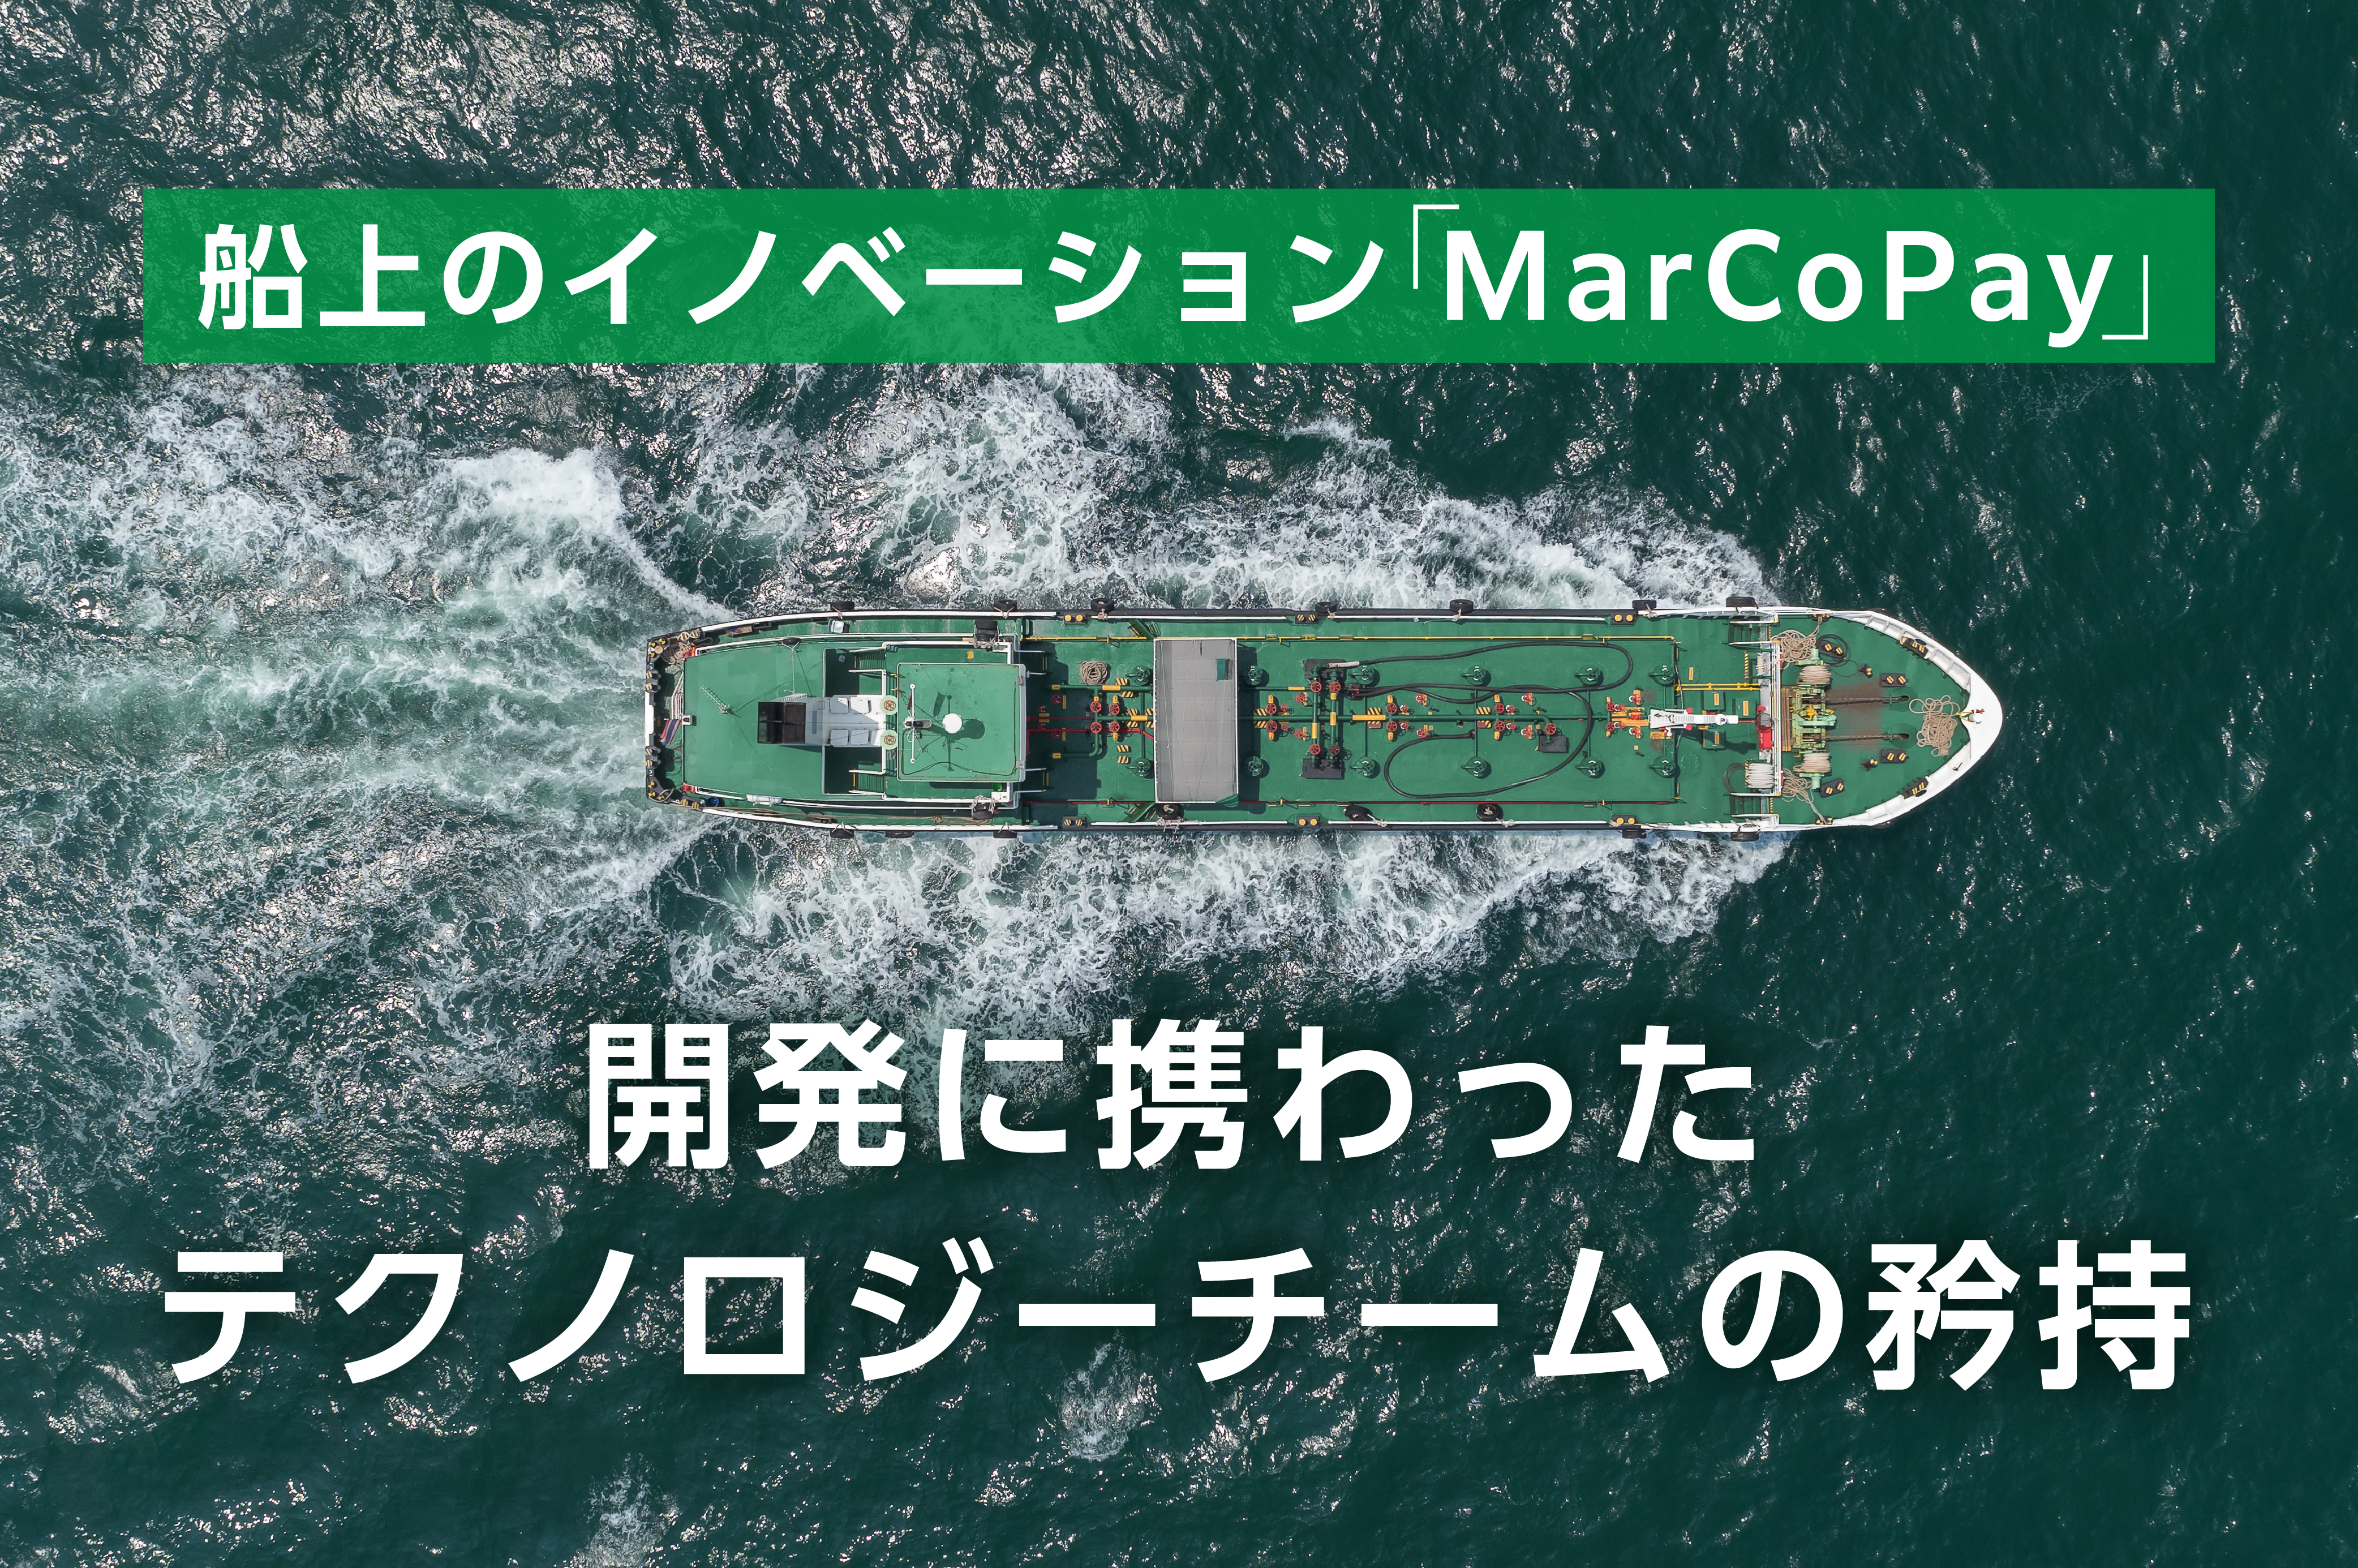 【後編】多彩なスキルを結集し、実現した船上のイノベーション「MarCoPay」。 未知への挑戦を支えたテクノロジーチームの矜持とは
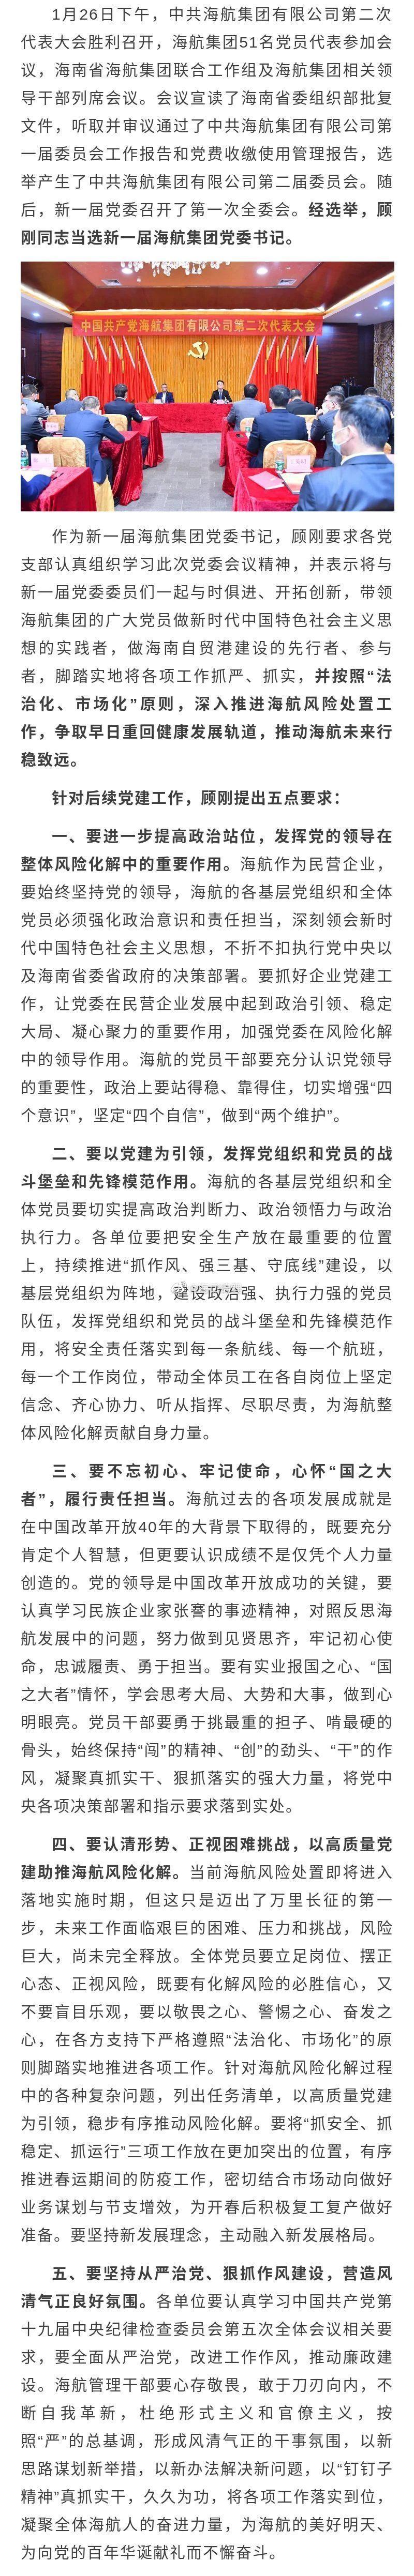 海口 顾刚当选新一届海航集团党委书记
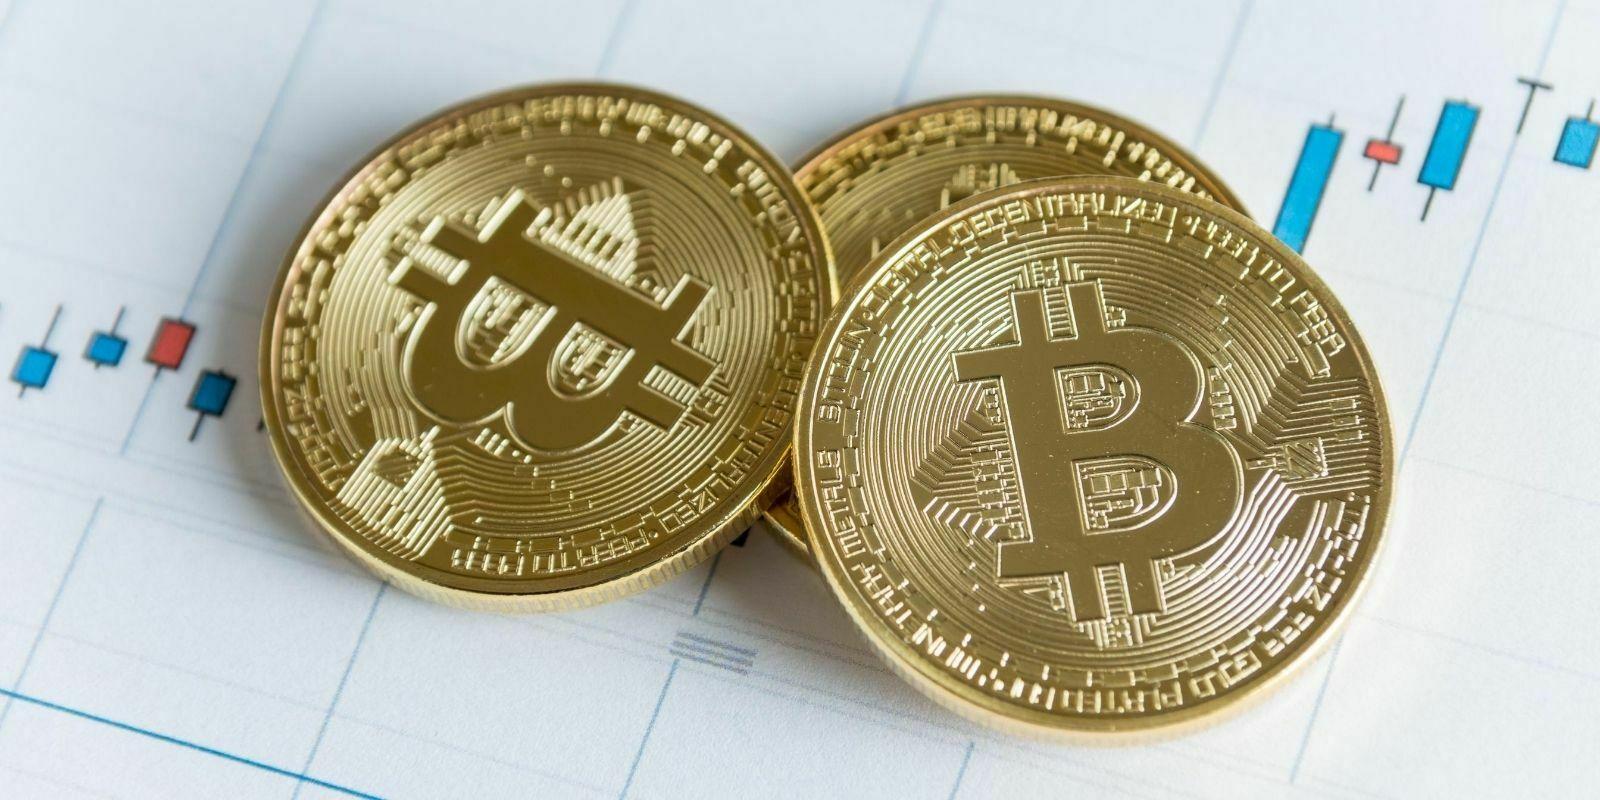 Le point bas du Bitcoin (BTC) a-t-il été trouvé sur le support des 10 000$ ?

--------

The required output is the listing above reproduced exactly, pictures removed.

 【後編】多彩なスキルを結集し、実現した船上のイノベーション「MarCoPay」。 未知への挑戦を支えたテクノロジーチームの矜持とは
 海口 顾刚当选新一届海航集团党委书记
 Le point bas du Bitcoin (BTC) a-t-il été trouvé sur le support des 10 000$ ?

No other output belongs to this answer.